Affordable fare: DTW upgrade enjoys smooth takeoff - Cover Story

A successful flight is a matter of doing a number of small tasks correctly, and that's the approach Detroit Metro Airport took in its recent retrofit. While a new terminal got the headlines, retooling HVAC systems for existing space has revved up the savings and created first-class comfort. High-profile items like BAS and new chillers led the way, but other moves like replacing three-way valves and adding stack economizers to boilers also helped overall efficiency return to its upright position.

Anyone who has traveled to or through the Detroit Metropolitan Airport within the last ten years knows that it was due for a facelift. Aging buildings, poor lighting, and outdated HVAC equipment all contributed to lowered levels of customer satisfaction.

Not only did the airport lack consistent comfort levels, but its old chillers and inefficient boilers led to sky-high utility bills. Something had to be done. The Wayne County Airport Authority (WCAA) wanted to provide improvements that would be flexible enough to deliver world-class comfort and safety in future configurations. It also wanted to cut the airport's energy bills by 20% to 25%. This had to be accomplished by updating the airport's mechanical, electrical, and lighting systems. But there was no money to fund the enormous renovation project. The fact remained, though, that much of the HVAC equipment was failing and needed to be replaced. The airport found the solution to its problem through a performance contracting arrangement with Siemens Building Technologies.

The $15 million energy conservation project, which began in September 2001, was finished approximately 18 months later: On time, on budget, and with no changeorders. To date it is estimated that the project has saved the airport $1.8 million in energy costs.

GETTING STARTED

The energy conservation project was initially developed internally, through the airport's power plant department. The power plant oversees the central heating and cooling plants for the airport, and they had been trying to get budget approval for capital expenses for quite some time.

"We didn't have the capital funds to replace aging equipment, which was getting too expensive to maintain," said Len Cranston, power plant executive. "That's when we decided to try a performance contract or self-funding approach, whereby the cost of the contract is funded by the savings generated from the improvements."

After qualifying and competing for the project, Siemens presented the lowest price with the highest energy savings and won the contract. The scope of Siemens' work included energy efficiency audits of all the facilities, HVAC equipment retrofits and replacements, enhancements to the existing Siemens BAS, and retrofits to brighten lighting. In addition, most of the electrical systems were upgraded to include power monitoring to better manage the airport's electric power usage.



One of the airport's big problems was its chilled water system. "We ended up taking out three of their existing 2,000-ton electric chillers, which were about 30 years old," said Peter Gruener, project manager for Siemens Building Technologies in Livonia, MI. "One of the chillers was completely dead." Only one original chiller was left in place: A 1,500-ton electric unit that had been part of a partial retrofit approximately ten years ago.

In addition to old chillers, the airport had problems with the distribution network.
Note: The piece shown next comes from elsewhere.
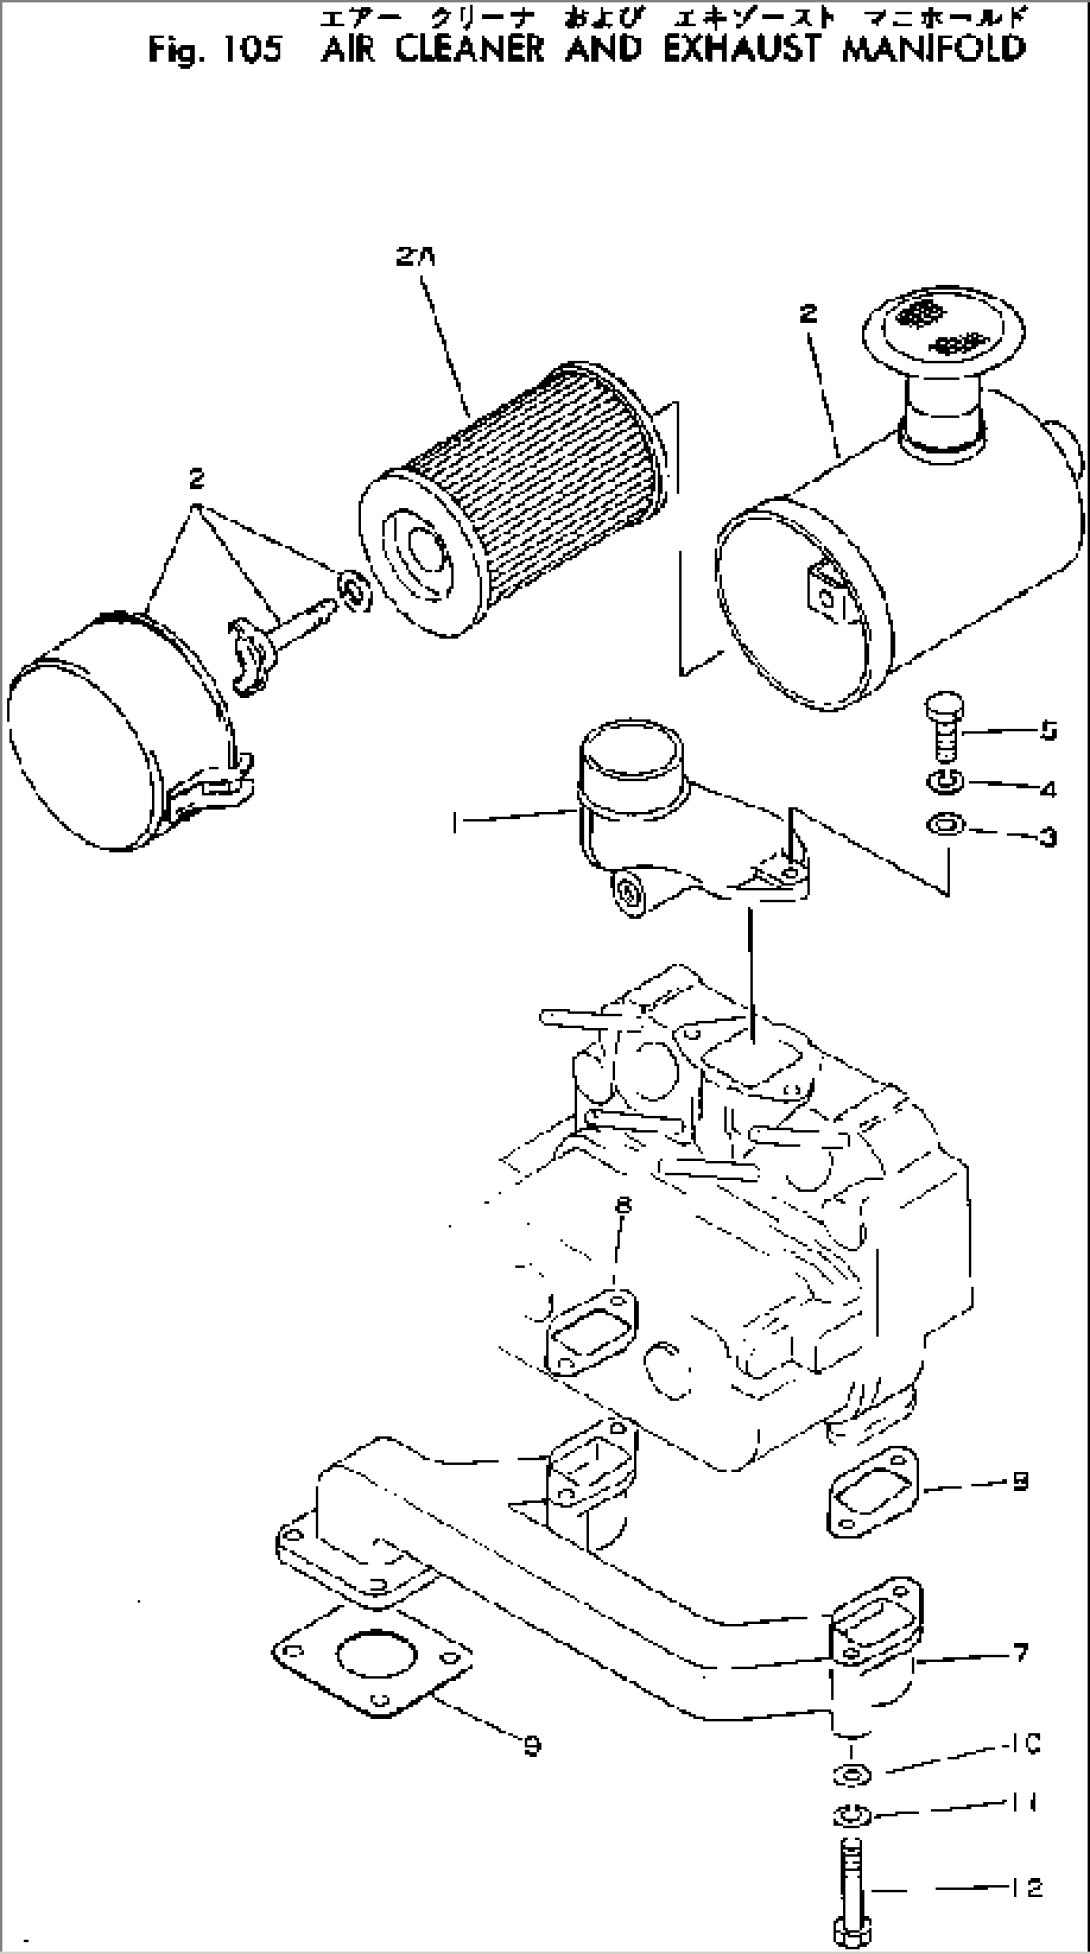 AIR CLEANER AND EXHAUST MANIFOLD

Part of the problem was due to the ten-year-old retrofit project, which, if finished, was supposed to have updated the chilled water plant.

"They only did the first phase, which was to put in primary/secondary pumping, but they didn't do anything out in the field like replacing three way valves or correcting their bridge problems," said Greg Warner, P.E., senior energy engineer (now district performance assurance manager) for Siemens Building Technologies.

With the existing chilled water system, the airport was only getting a 3[degrees] to 5[degrees] [DELTA]T instead of a 10[degrees] [DELTA]T. This led to large energy consumption, because the existing chillers could only load 50% or 60% on a peak day. Consequently, they had to run three 300-hp secondary pumps at 80% or 90% all the time just to keep up with the flow in the system. This meant the power plant had to run two or three chillers at half load just to keep the system under control.

To solve the problem, Warner and his team first identified and replaced all the three-way valves in the system. They also rebalanced some of the nonfunctioning controls in the system. "They were set up for a tertiary loop, but they weren't controlling return water temperatures, so it wasn't getting the load out in the system that we needed. So we redid the controls," noted Warner.

When it came to replacing the chillers, Warner first looked at the energy costs of operating the chiller plant. He found that the chillers alone required 1.1 or 1.2 kW/ton--that and didn't include the power or pumps or any other equipment. Then Warner went through all the chiller logs to figure out the exact amount being pumped through the chiller plant.